Purpose: The rationale of the current study was to develop 6-mercaptopurine (6-MP)-mediated hematological toxicity prediction model for acute lymphoblastic leukemia (ALL) therapeutic management.
Methods: A total of 96 children with ALL undergoing therapy with MCP-841 protocol were screened for all the ten exons of TPMT, exon 2, exon 3 and intron 2 of ITPA using bidirectional sequencing. This dataset was used to construct prediction models of leucopenia grade by constructing classification and regression trees (CART) followed by smart pruning.

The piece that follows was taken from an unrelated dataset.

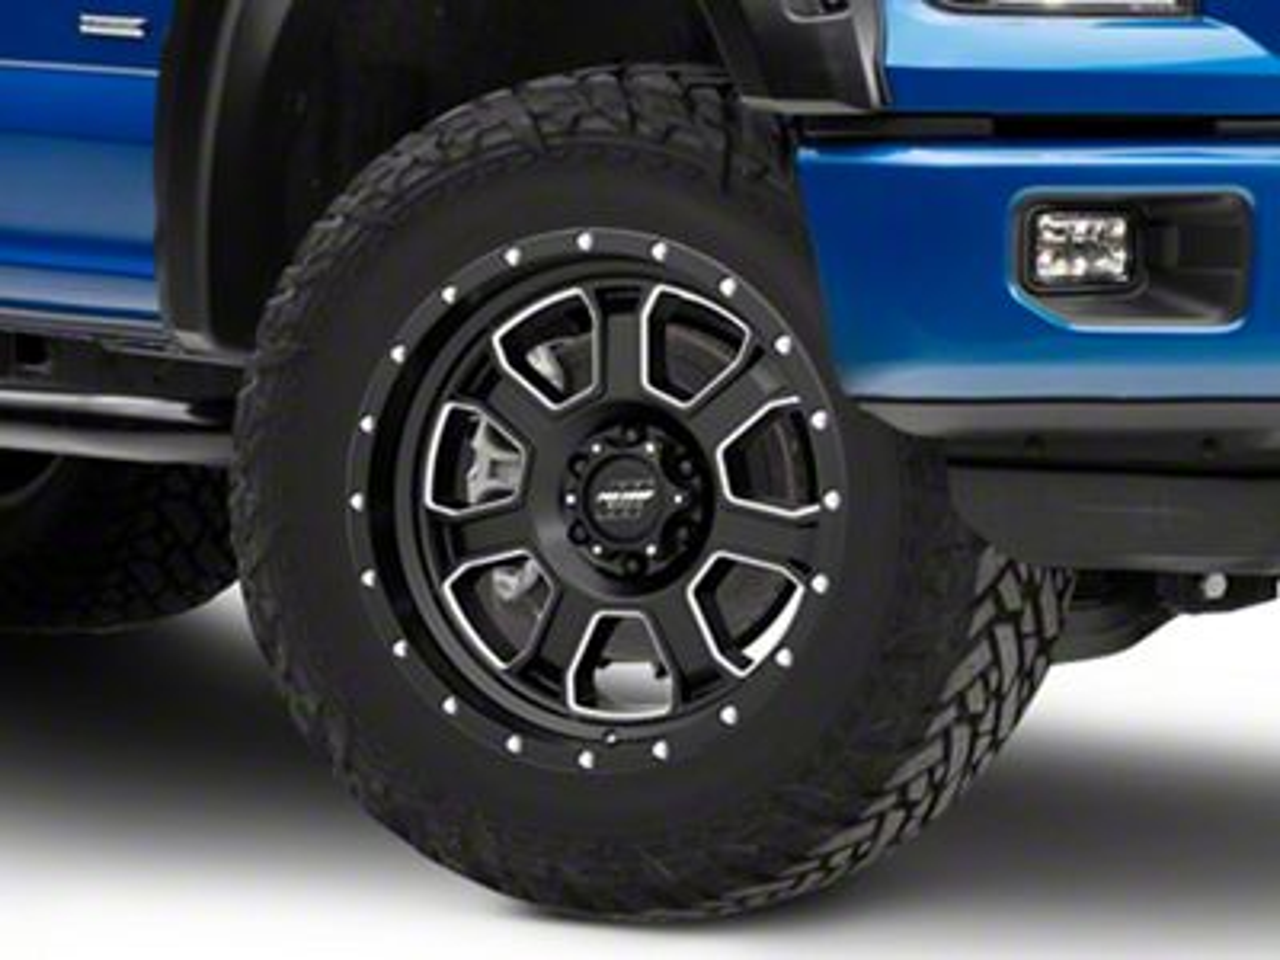 Pro Comp Sledge Satin Black Milled 6-Lug Wheel - 20x9 (04-19 F-150)

Results: The developed CART model indicated TPMT*12 and TPMT*3C as the key determinants of toxicity. TPMT int3, int4 and int7 polymorphisms exert toxicity when co-segregated with one mutated allele of TPMT*12 or TPMT*3C or ITPA exon 3. The developed CART model exhibited 93.6% accuracy in predicting the toxicity. The area under the receiver operating characteristic curve was 0.9649.
Conclusions: TPMT *3C and TPMT*12 are the key determinants of 6-MP-mediated hematological toxicity while other variants of TPMT (int3, int4 and int7) and ITPA ex2 interact synergistically with TPMT*3C or TPMT*12 variant alleles to enhance the toxicity. TPMT and ITPA variants cumulatively are excellent predictors of 6-MP-mediated toxicity.
Keywords: 6-Mercaptopurine; Acute lymphoblastic leukemia; Glutamate carboxypeptidase II; Leucopenia grade; Machine learning; Thiopurine methyl transferase.